Foto./ Archivo de BOHEMIA.
Foto./ Archivo de BOHEMIA.

Escalera de mar

Versión actualizada por la autora del texto, publicado originalmente en El Caimán Barbudo, el 19 de enero de 2024

Por./ Lisbeth Lima Hechavarría


[…] Uno habita soledades

    que ha cubierto la hierba,

    los recuerdos, o las gracias solemnes,

    o las lágrimas.

    “El silencio”, Edgar Allan Poe

Supongamos que me llamo Casandra, ahora mismo, no lo recuerdo. Tu nombre tampoco importa mucho, la verdad. Sé que te he visto antes. ¿Te he visto? Quizás no, pero suenas cercano.
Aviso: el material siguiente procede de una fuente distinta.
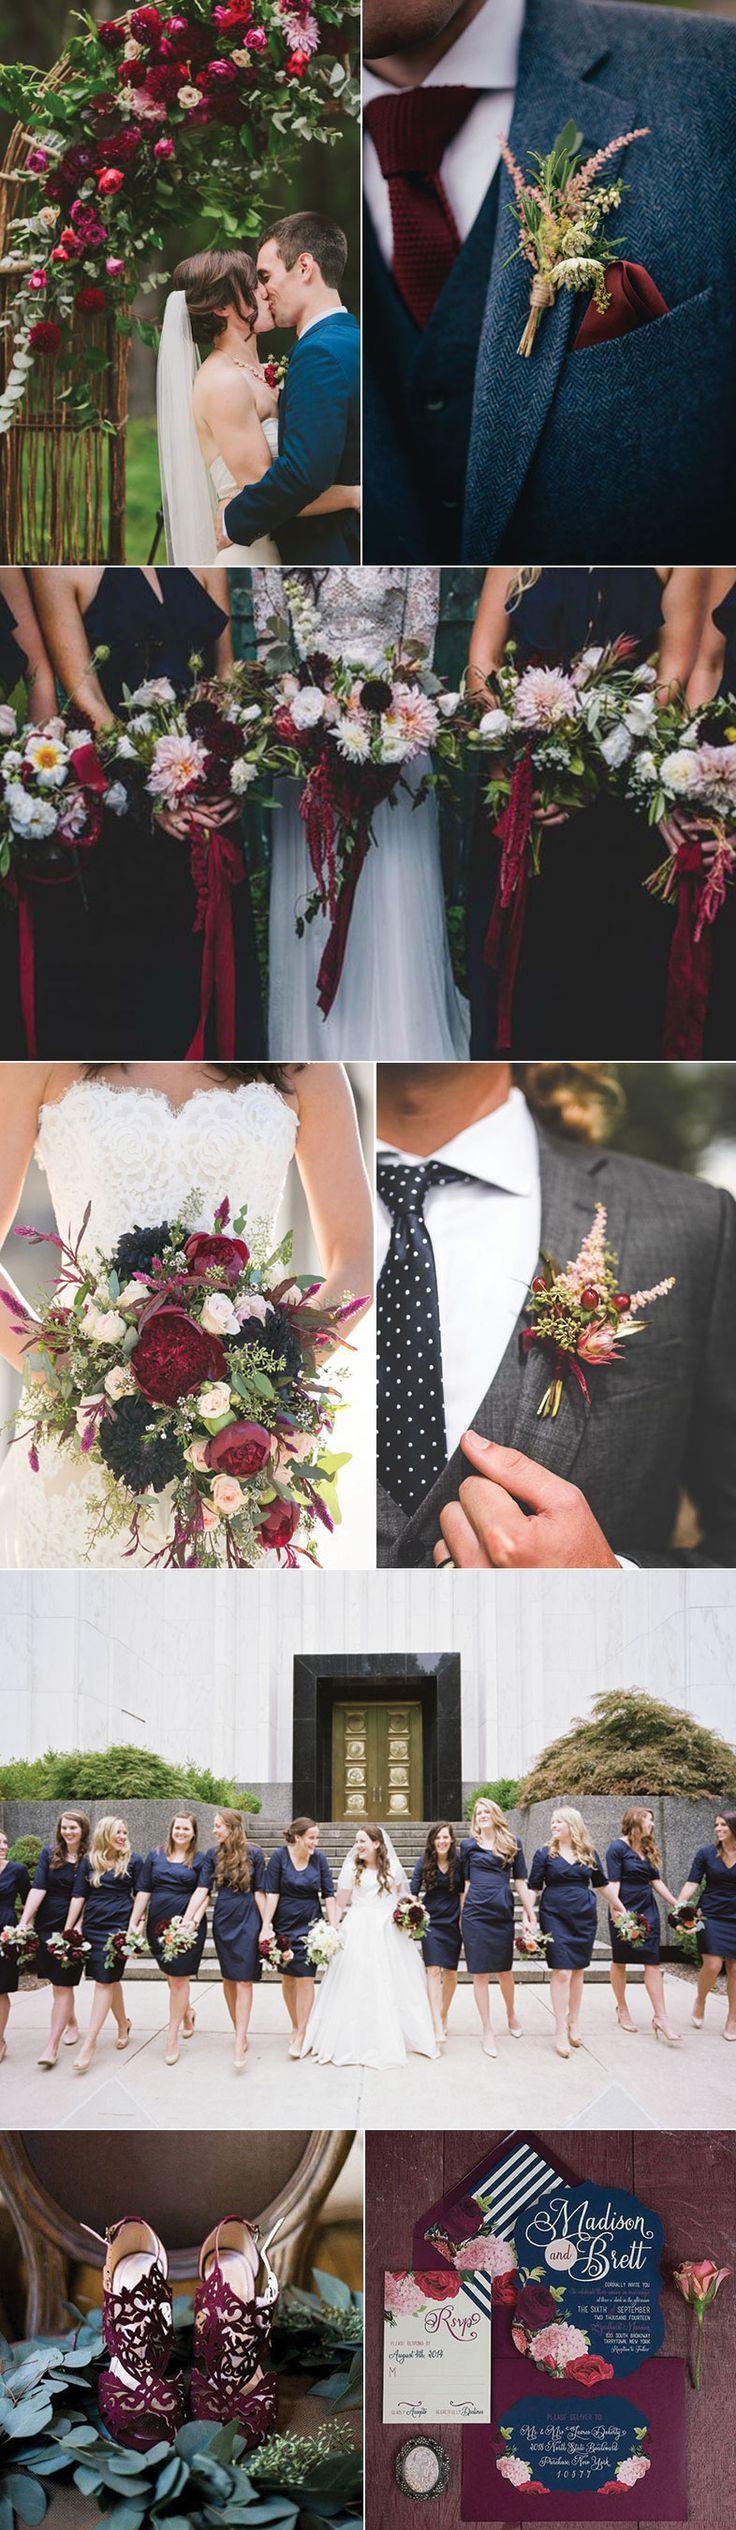 25+ best burgundy bouquet ideas on pinterest | burgundy wedding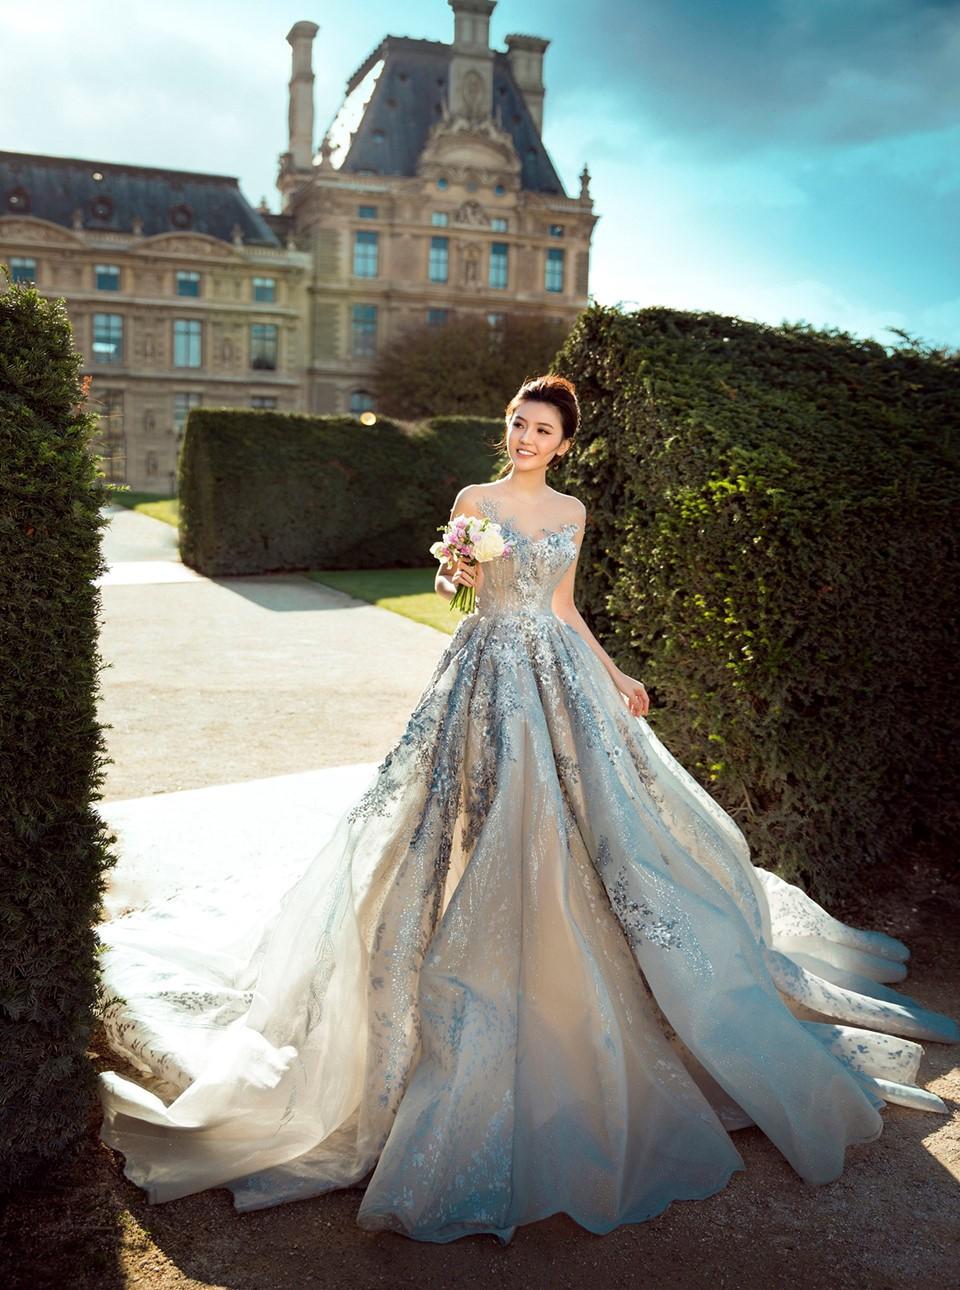 Hé lộ thiệp mời đám cưới của Nữ hoàng sắc đẹp Ngọc Duyên và chồng tỷ phú hơn 18 tuổi - Ảnh 4.

Siempre me han gustado las azoteas desteñidas de Centro Habana. Tuve un novio por allí hace unos años y en las madrugadas nos las pasábamos desnudos en el portal del apartamento. A un costado, el malecón. El mar asumía roles en mi historia dependiendo del horario del día. Por las mañanas, las pocas mañanas que amanecí en ese portal, (porque casi siempre corría intentando evitar los despertares y saludos matutinos) el café me erizaba poro a poro mientras el mar iba colándoseme debajo del pulóver suyo, que usaba como bata. A medida que avanzaba el día, camino a casa en la guagua, el mar susurraba cosas a mi oído. Reía como loca burlándome de las voces cambiantes en los cuentos que narraba; y hoy, una vez más en la azotea de algún lugar de esta ciudad, aunque el océano no está cerca, igual musita. Creo que han de ser las azoteas. Sí, es cosa de alturas.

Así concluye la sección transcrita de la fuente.